Aid as a catalyst for poverty reduction


Term Paper, 2005

14 Pages, Grade: 65


Excerpt


Table of Contents

1. Introduction

2. Main Proposals of Blair’s Commission for Africa

3. Classifying the Proposals of the Commission for Africa

4. Increased Financial Aid and Poverty Reduction
a. The Relation between Aid and Poverty Reduction
b. Requirements for a Positive Correlation between Aid and Poverty Reduction
c. Does Africa Meet the Institutional Requirements?

5. Conclusions

6. Bibliography

7. Declaration on Plagiarism and Word Lenght

1. Introduction

The underdevelopment of the African continent and the multi-layered causes of this problem have been central to various plans and frameworks aimed at finding a way out of the vicious circle of poverty, poor governance, indebtedness and lack of resources. From efforts in the 1980s to more recent initiatives[1], the African countries were mostly perceived as the problem children of international development policies. Besides these specifically Africa orientated development frameworks, a number of global programmes were launched in order to approach the problems faced by Least Developed (LDC) and often Heavily Indebted Poor Countries (HIPC). Examples are the HIPC Initiative (1996) supported by the IMF and World Bank, and the formulation of the Millennium Development Goals (MDGs) in September 2000.

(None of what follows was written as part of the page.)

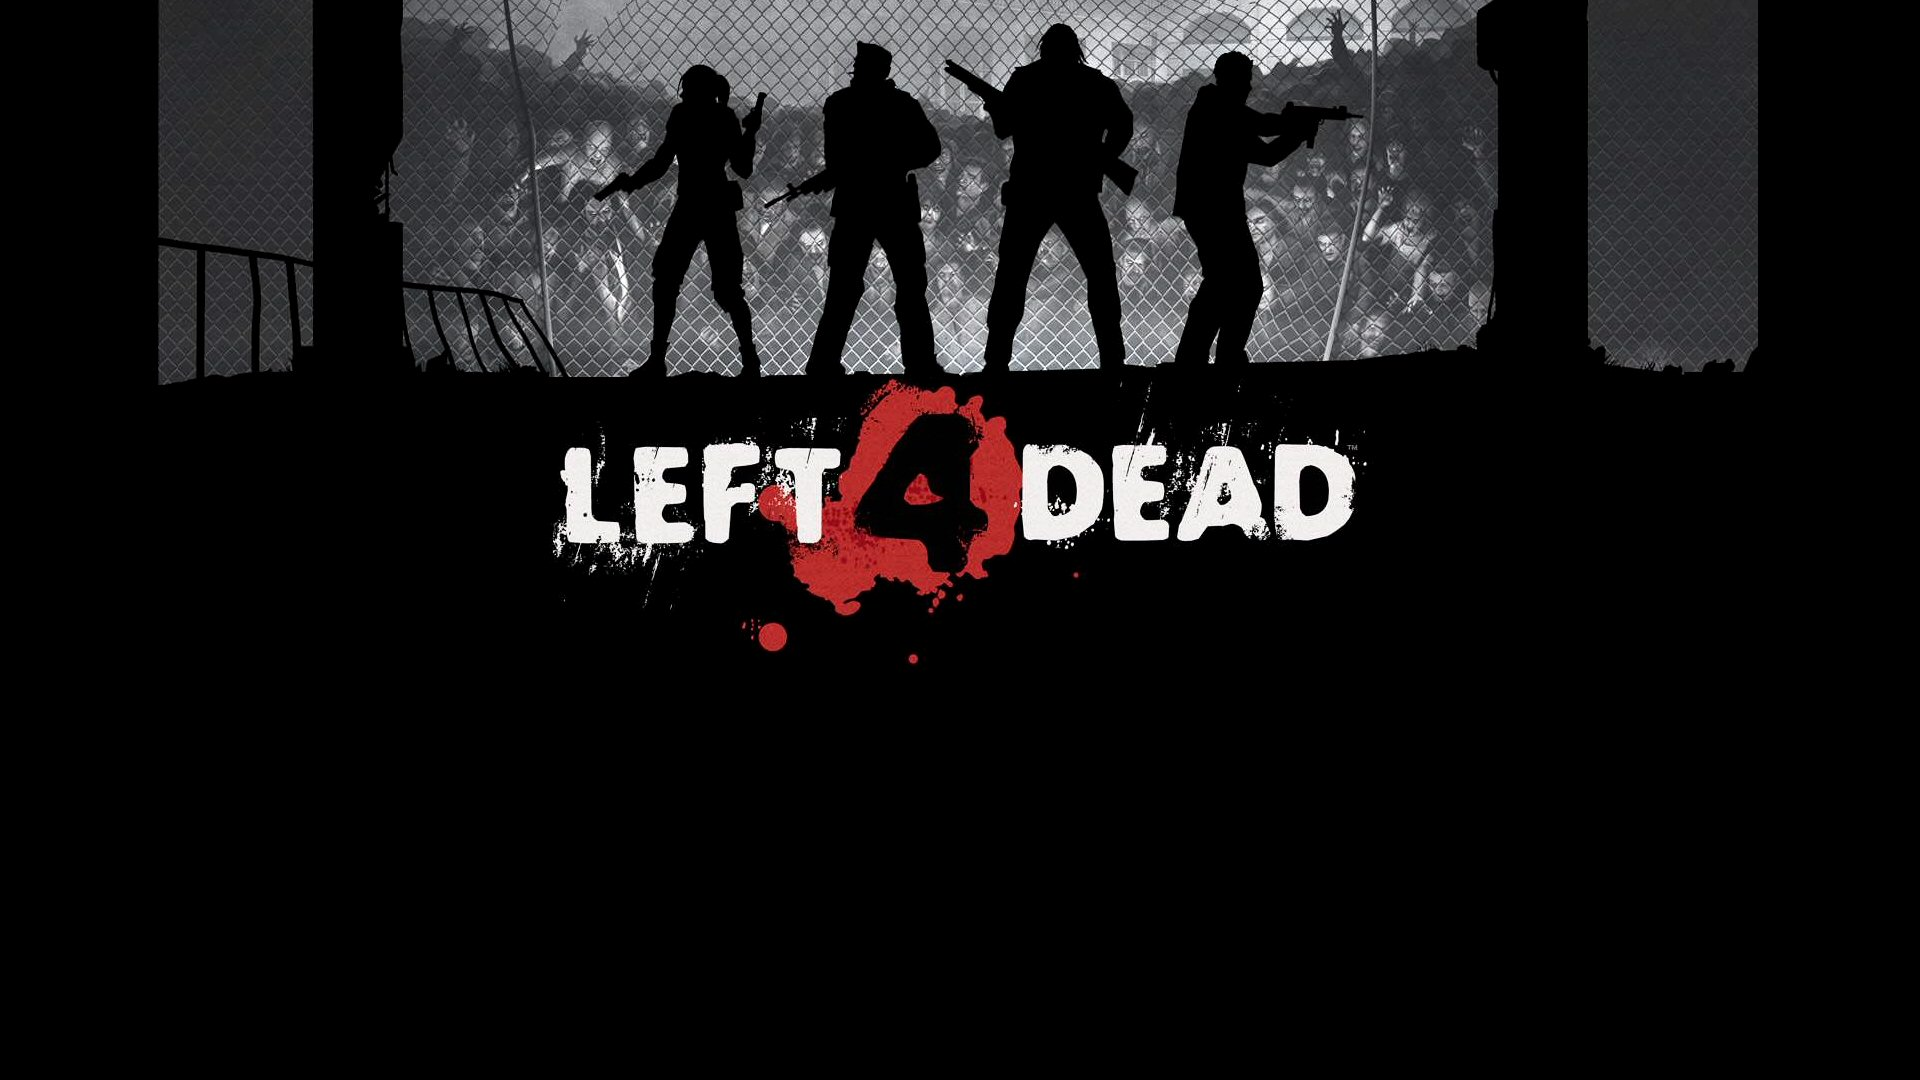 Left 4 Dead Wallpaper Free Download PC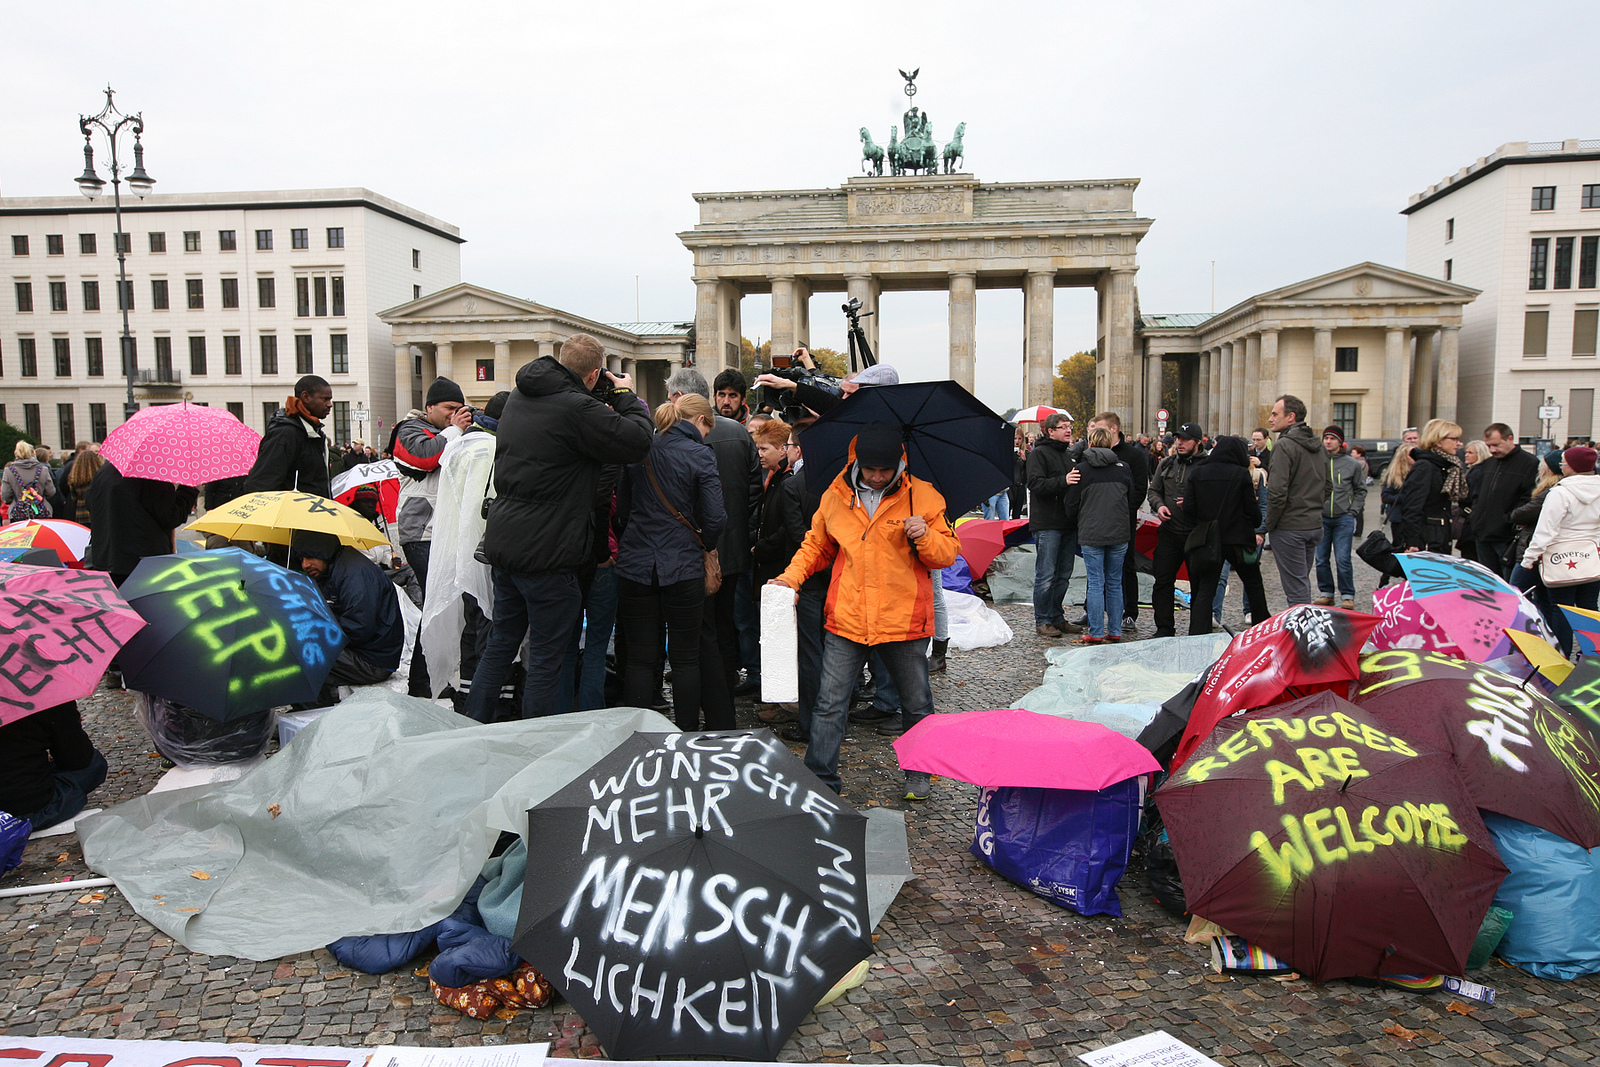 Protesters occupy Berlin's Pariser Platz in front of the Brandenburg Gate, calling for Germany to accept more refugees. Berlin 2013 [Fraktion DIE LINKE im Bundestag/Flickr]

By releasing its report[2] in March 2005, the Commission for Africa, set up by Britain’s Prime Minister Tony Blair, added another plan to the already exiting ones. The appointment of the commission was due to the fact that the Millennium Development Goals that have to be reached until 2015 are likely to be missed. Assuming the presidency of both, the EU and the G8 summit in 2005, the British government saw itself in a good position to advance decisively international development policies towards Africa.

Cornerstones of the report are 100 per cent debt cancellation for sub-Saharan African countries “which need it” ,[3] additional $25 billion a year in aid provided by donor countries by 2010 and a further increase of $25 billion a year by 2015 .[4]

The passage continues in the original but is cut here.